Putting it simply, COMPUTER SYSTEMS AVAILABLE IN 2013 ARE SQUARELY BASED ON THE LIMITATIONS OF 1975 HARDWARE USING PARADIGMS AND HEURISTICS DEVELOPED IN 1956.

source: https://eurotrib1.eurotrib.com/comments/2013/6/7/05318/71420/2
}}

TRUTH: computer systems available in 2013 are squarely based on the limitations of 1975 hardware using paradigms and heuristics developed in 1956.

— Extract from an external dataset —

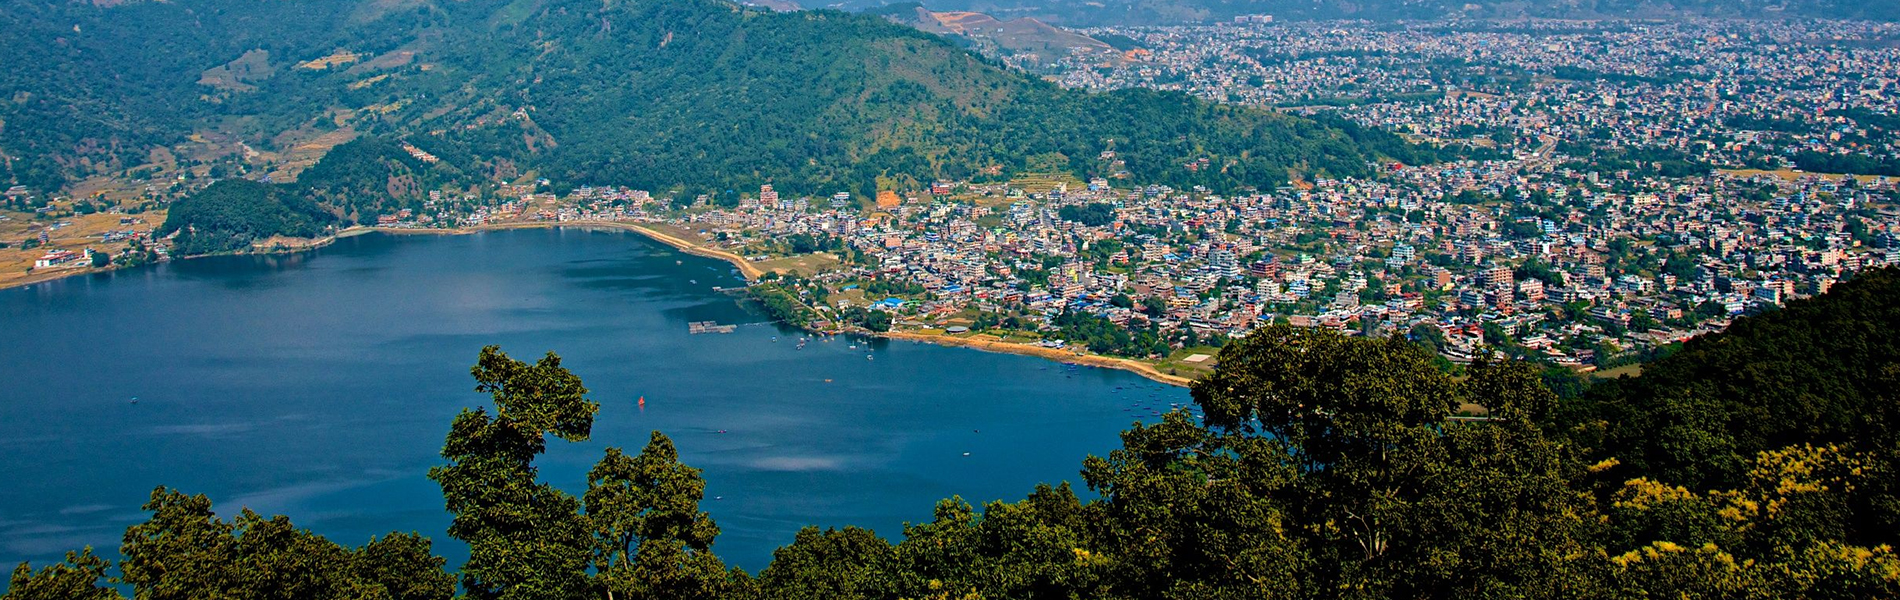 places to visit around nepal

But according to you and several other computer ""scientists"" :rolleyes: and software ""engineers"" :rolleyes: ,
the actual problem is the people who stick to Windows 7 or Windows XP because "they hate progress" :rolleyes: and are unable to see how much Micro$oft plus the inventors of Python and Qt are soooo good-intentioned and always know what it's the best for every user. :)

filler56789

26th August 2022, 14:43

If you want to store text in a binary form that's not an image, you need an encoding.

And why is that?
It's because "things have been designed so".
ASCII and programming languages which use English keywords are not a natural phenomenon. This is what I said and meant.
Yes, it would be possible to create hardware, firmware and software designed to make no distinction between "text" and "machine-bytes". After all, nobody uses mechanical typewriters anymore, and the computers of today should not be designed for serving the American businessmen from the 50s.
But you regard certain human limitations created by human conventions as "facts of Nature".
*shrugs*

wswartzendruber

26th August 2022, 16:23

Yes, it would be possible to create hardware, firmware and software designed to make no distinction between "text" and "machine-bytes".
Don't let me stop you from explaining how this would work...

filler56789

26th August 2022, 18:06

IF ↑↑you↑↑ were actually smart, you would already know that I won't read your smart-a§§ed reply because I had already sent you to my IgnoreList. :)

wswartzendruber

26th August 2022, 18:09

With all that settled, we can move on.

I'm going to create some reference implementations of STF-7 in at least a few languages:

1. Java
2. C#
3. C

Java and C# I'm pretty clear on, but how to do this in C has some obvious hurdles to overcome.

Namely: Has anyone ever encountered a platform that doesn't define uint32_t?